» WHAT THE TASK REQUIRES
Transcribe the records below exactly, leaving out any pictures.

» MATERIAL SHOWN
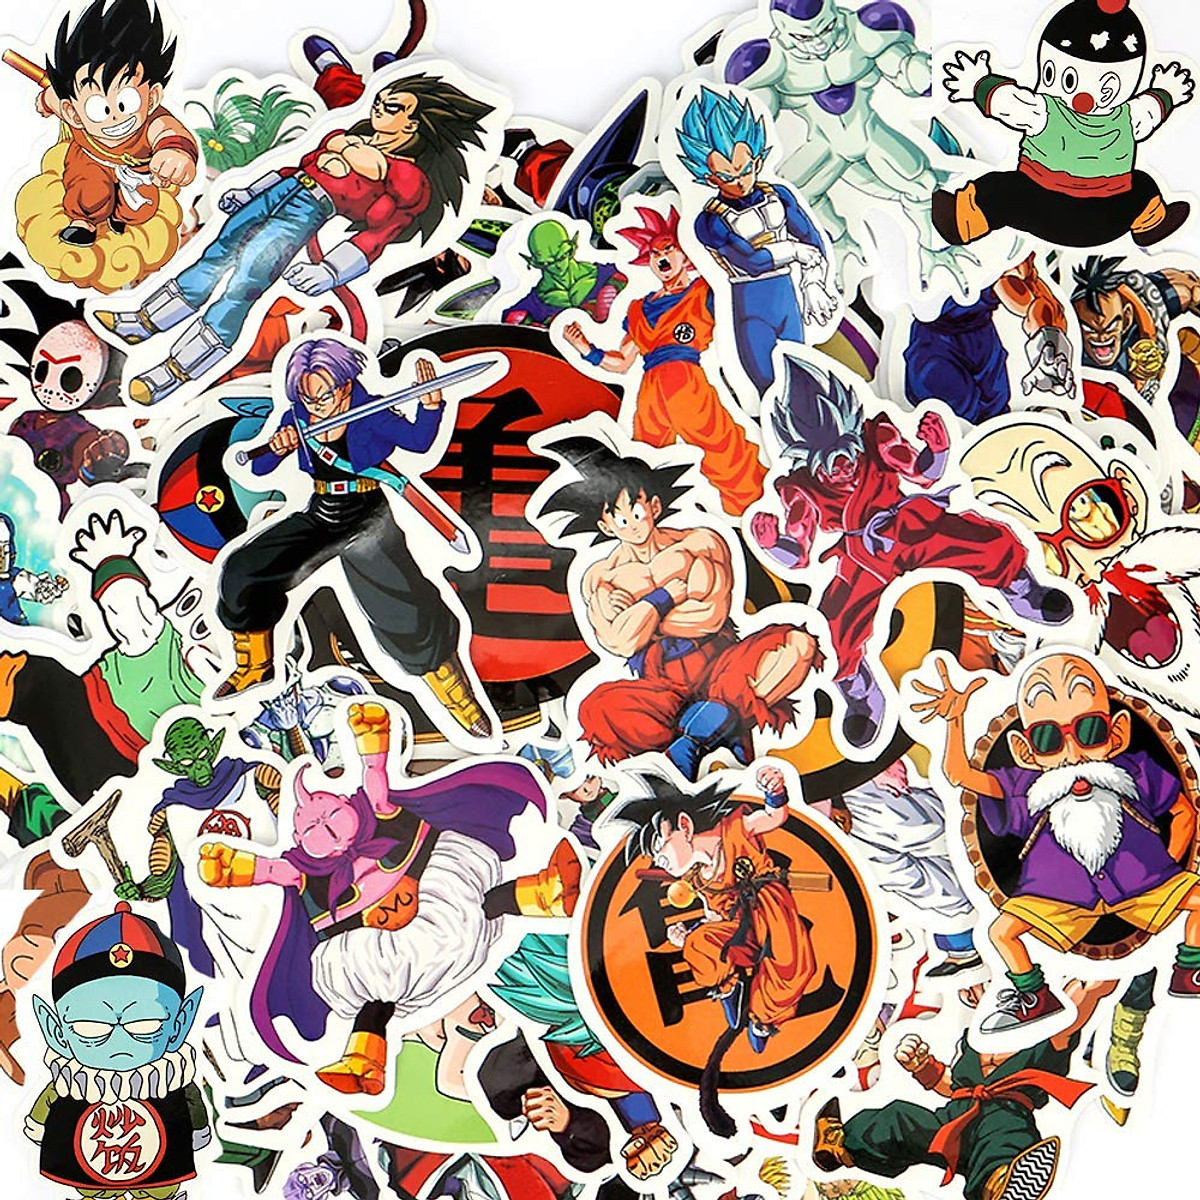 Sticker 7 viên ngọc rồng Dragon Ball  trang trí mũ bảo hiểm, đàn, guitar, ukulele, điện thoại laptop
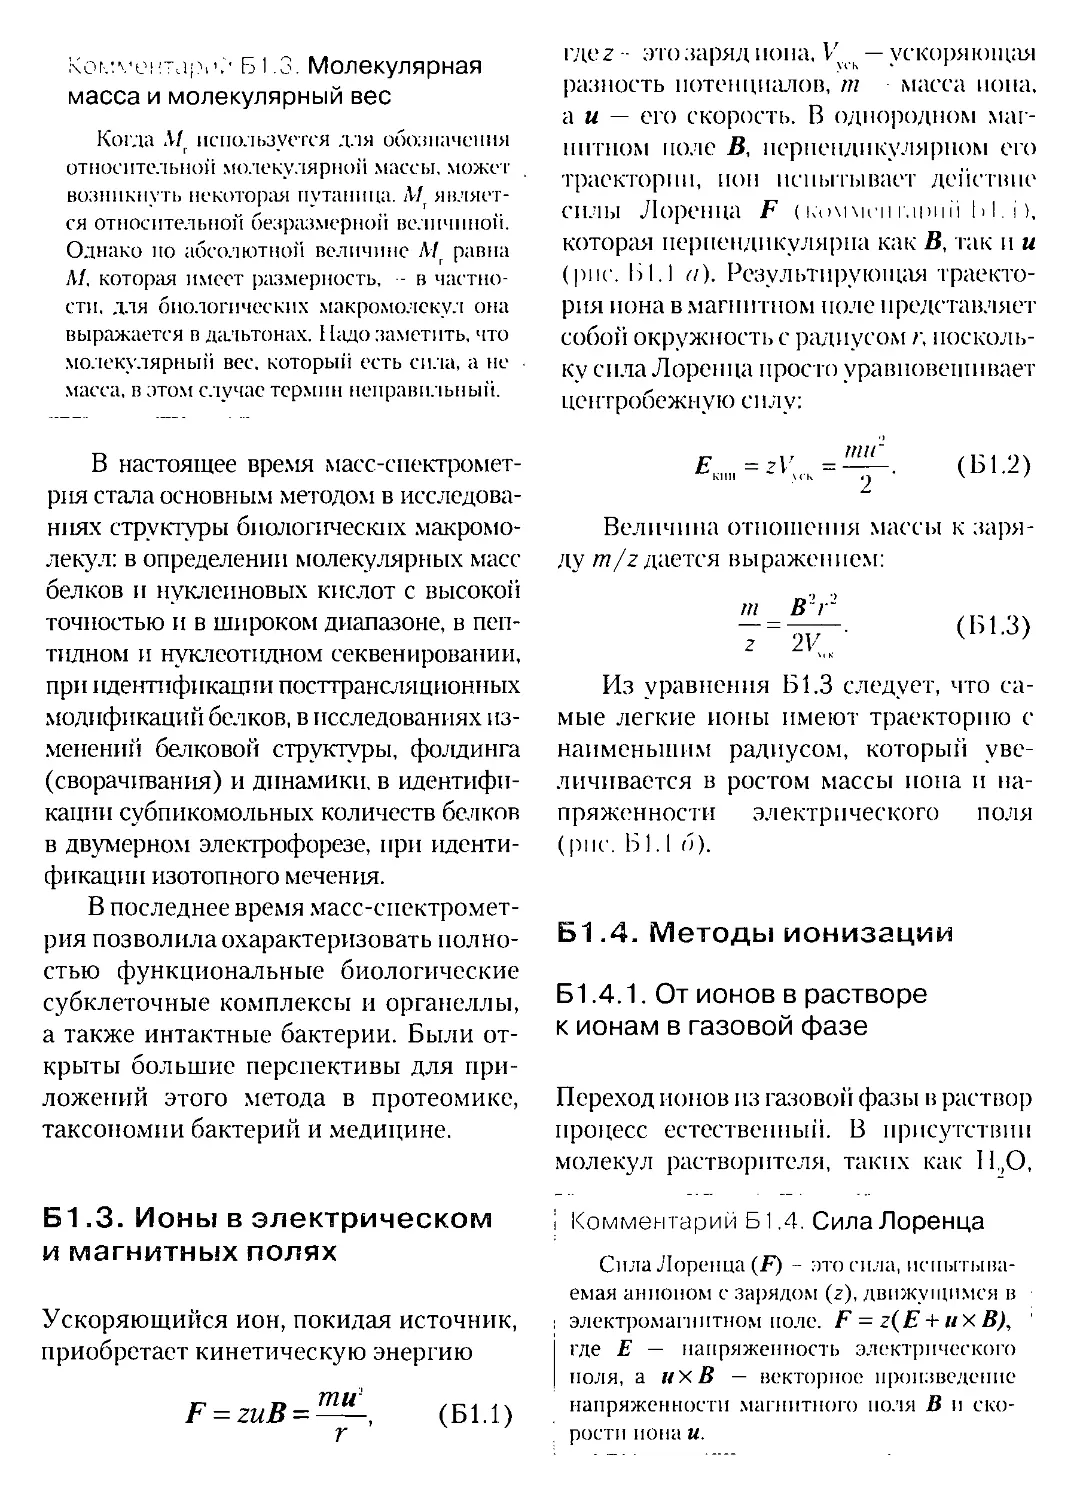 Б.3. Ионы в электрическом и магнитных полях
Б.4. Методы ионизации
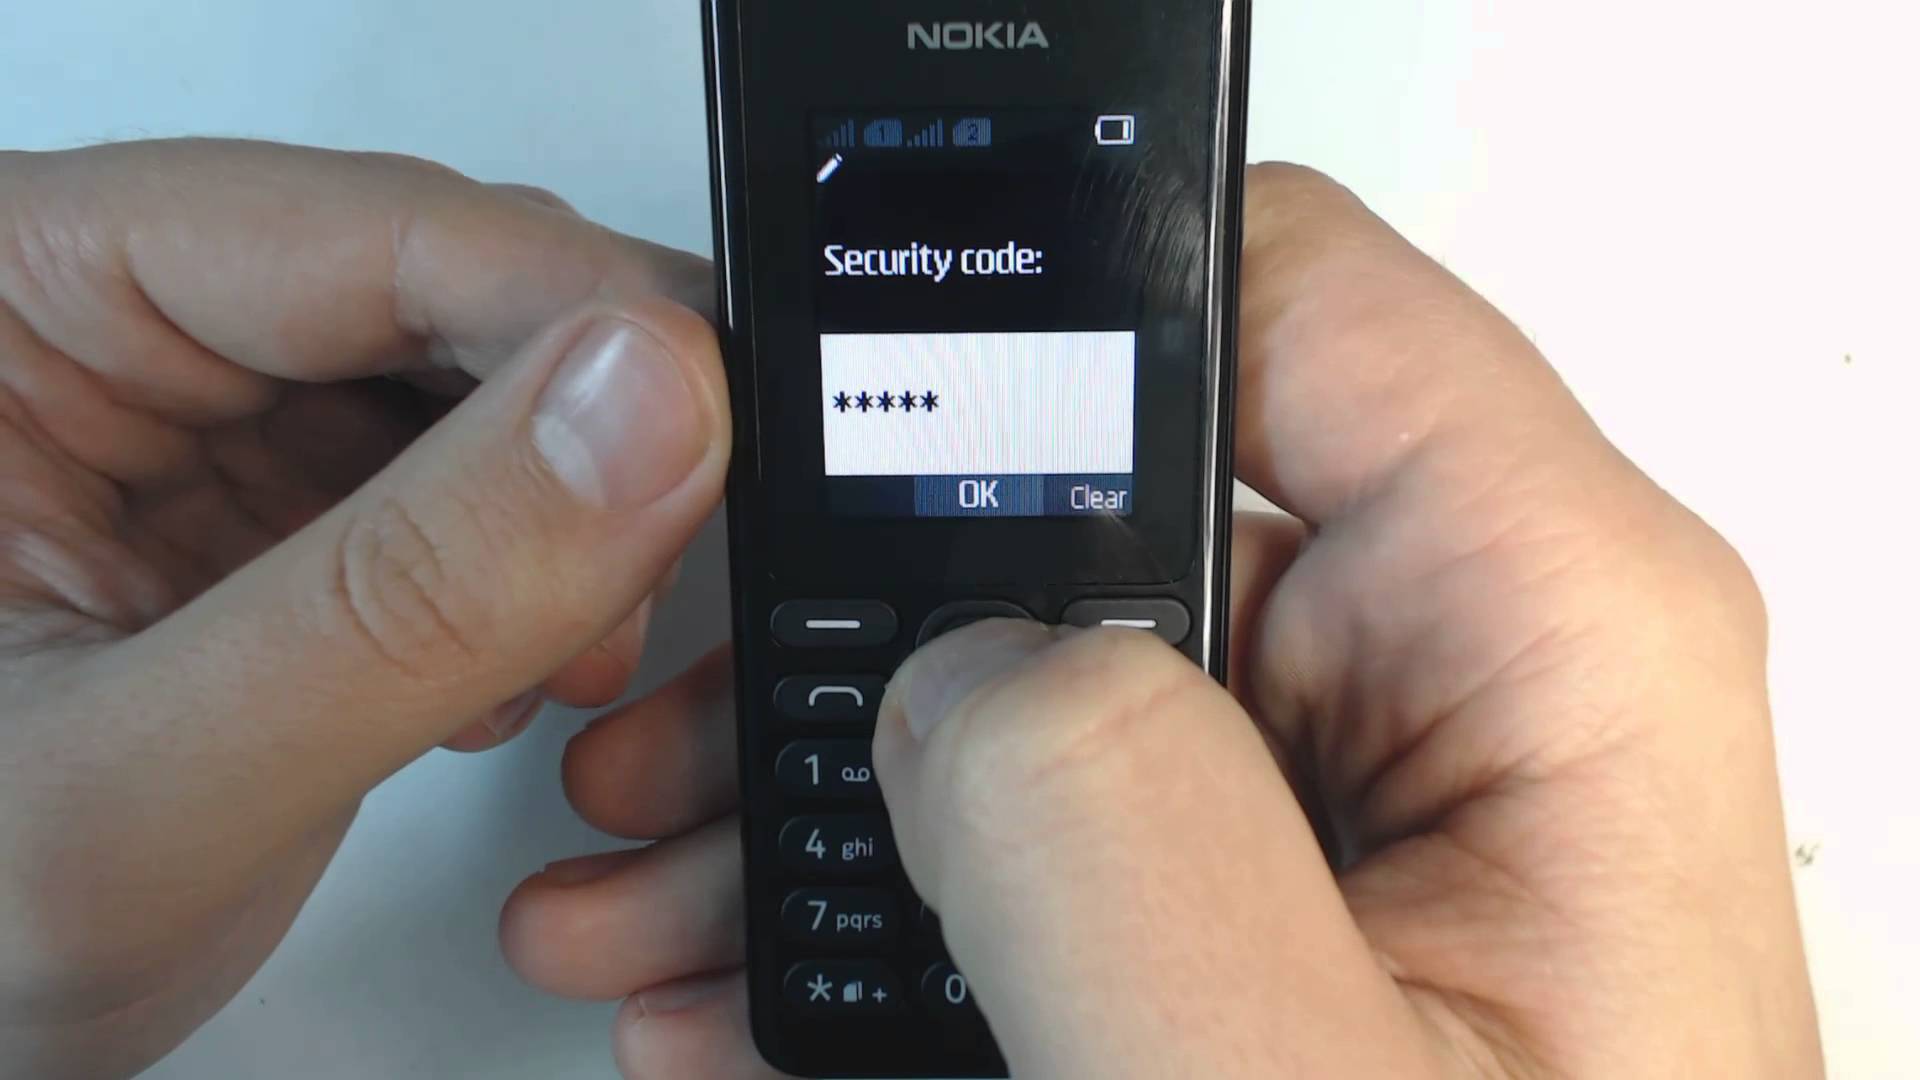 Пин код нокиа. Пин код телефона нокиа кнопочный 105. Защитный код Nokia кнопочный. Защитный код нокиа 105. Телефон Nokia 108 Dual SIM.
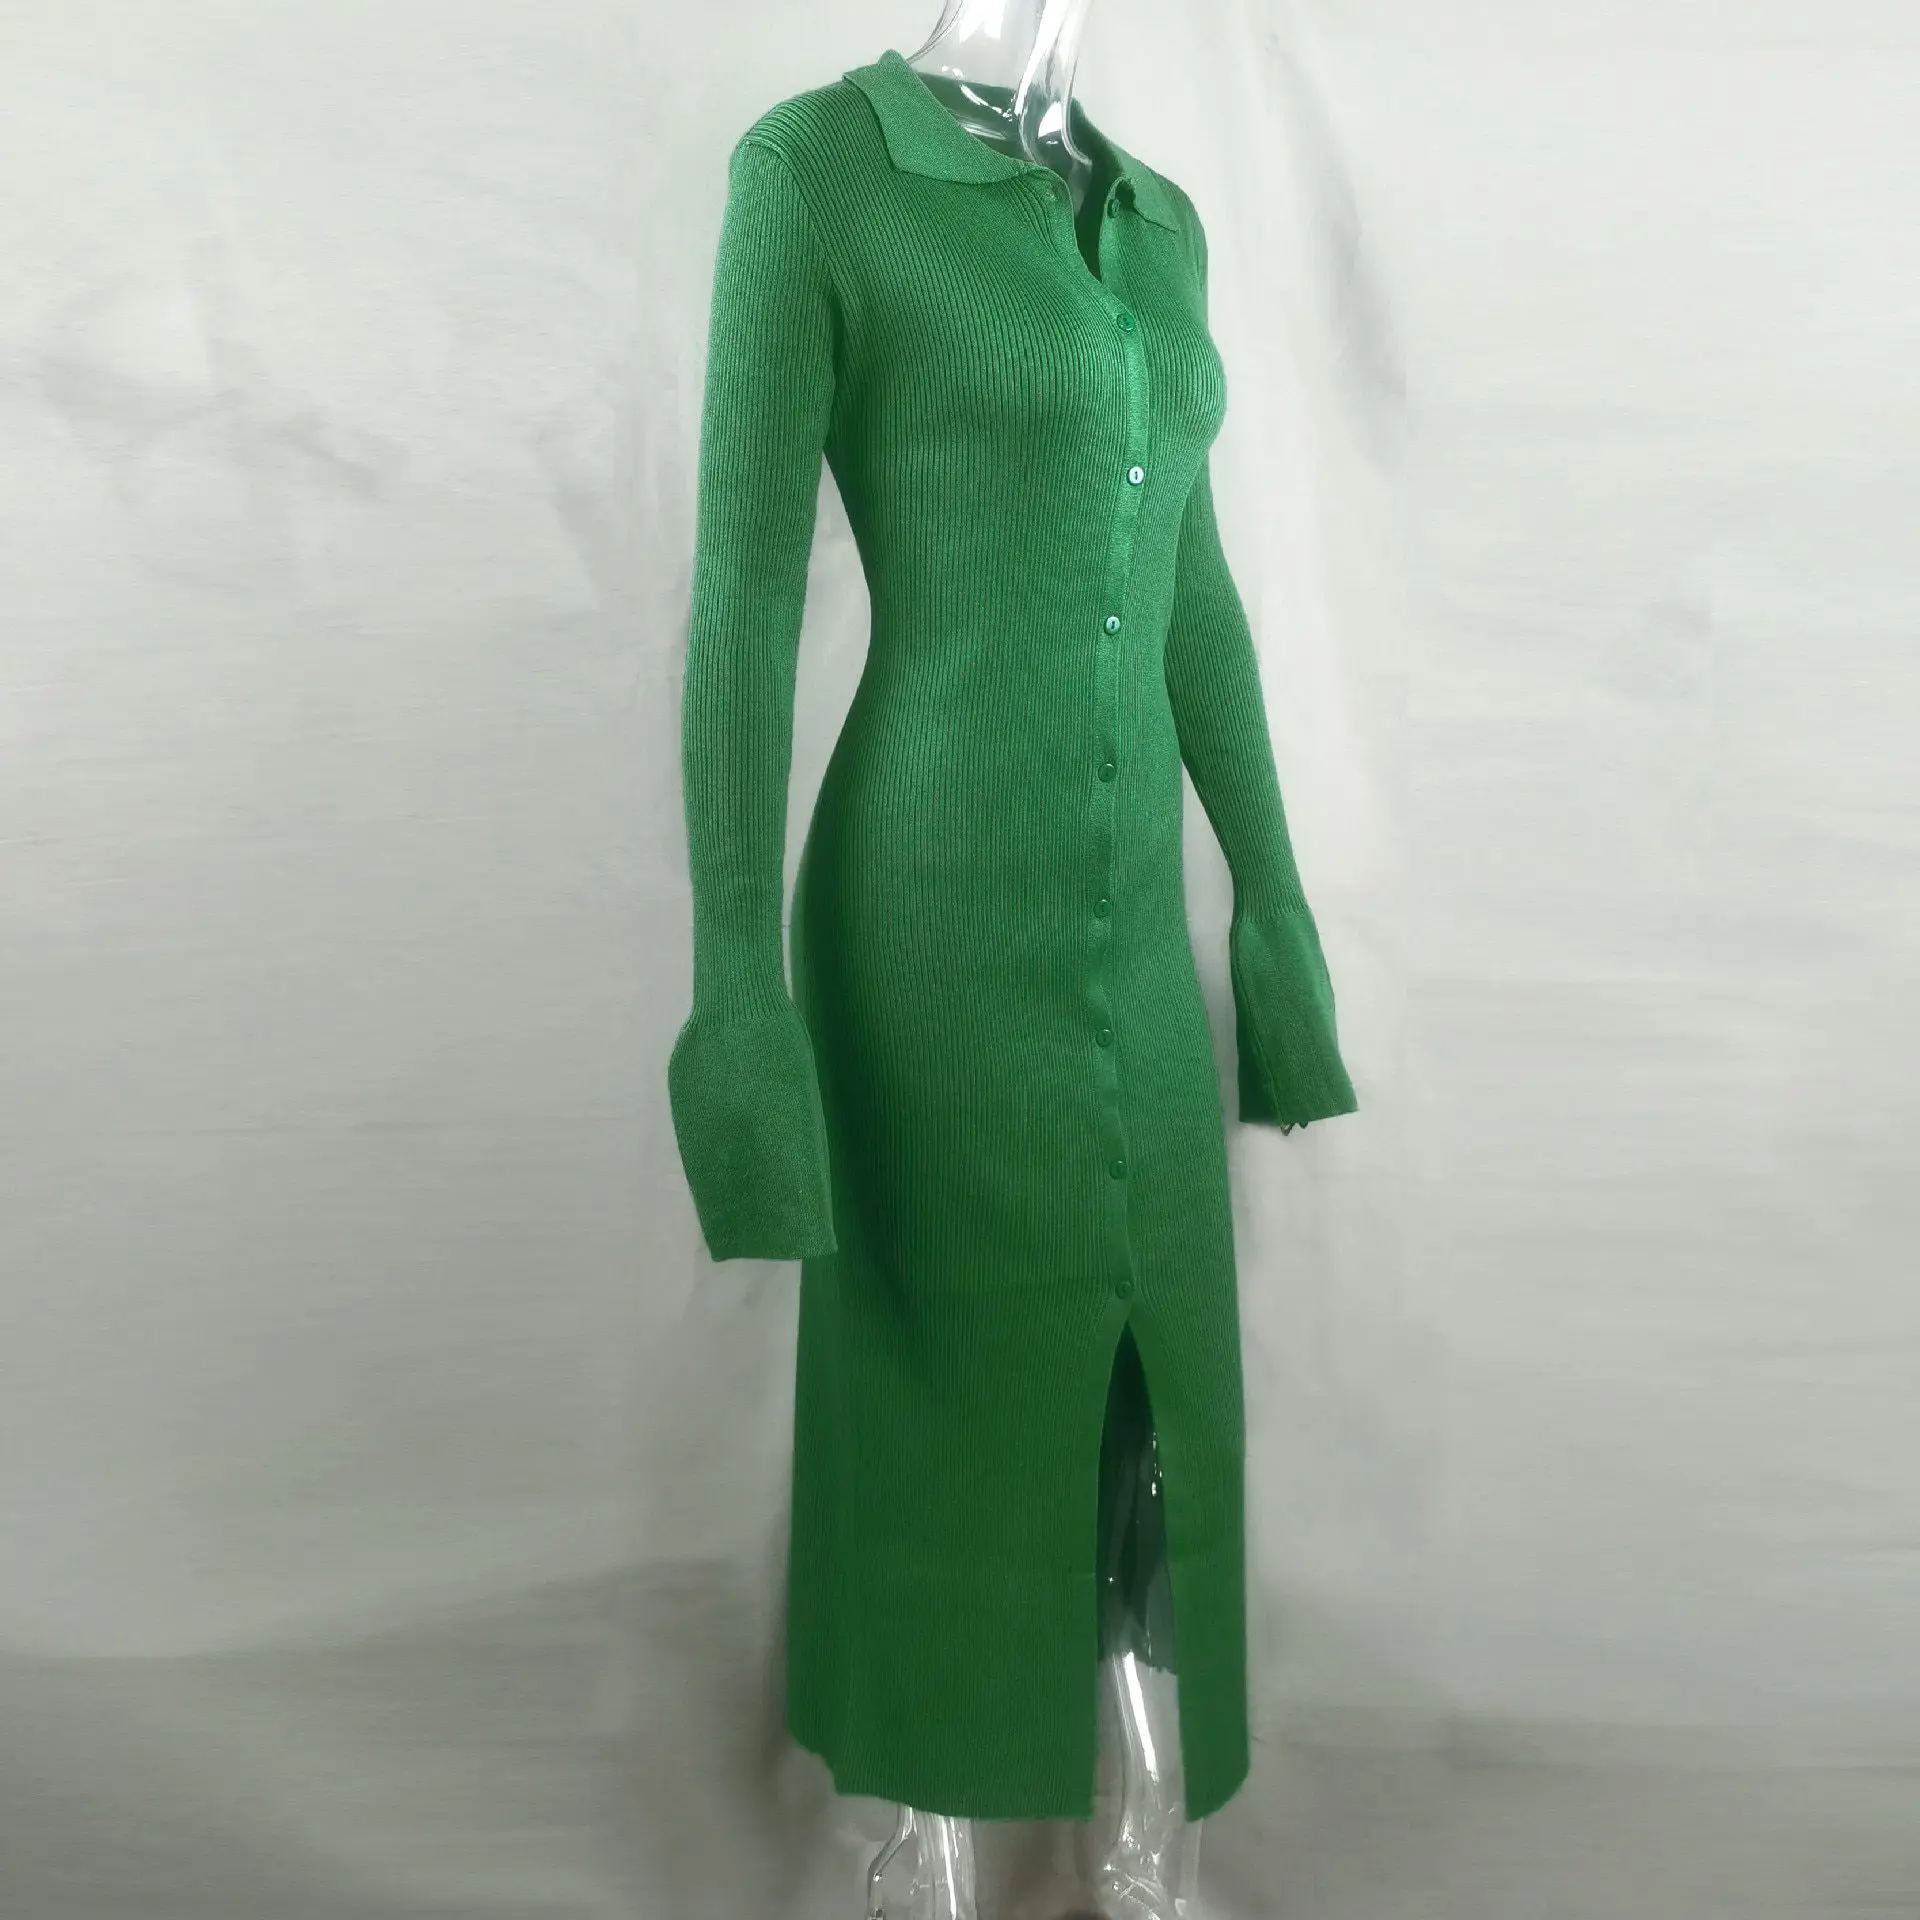 Knit Long Sleeve Single Breasted Mid Split Sweater Dress in Dresses

» PROBLEM SOLUTION
 Sticker 7 viên ngọc rồng Dragon Ball  trang trí mũ bảo hiểm, đàn, guitar, ukulele, điện thoại laptop
 Б.3. Ионы в электрическом и магнитных полях
Б.4. Методы ионизации
 Пин код нокиа. Пин код телефона нокиа кнопочный 105. Защитный код Nokia кнопочный. Защитный код нокиа 105. Телефон Nokia 108 Dual SIM.
 Knit Long Sleeve Single Breasted Mid Split Sweater Dress in Dresses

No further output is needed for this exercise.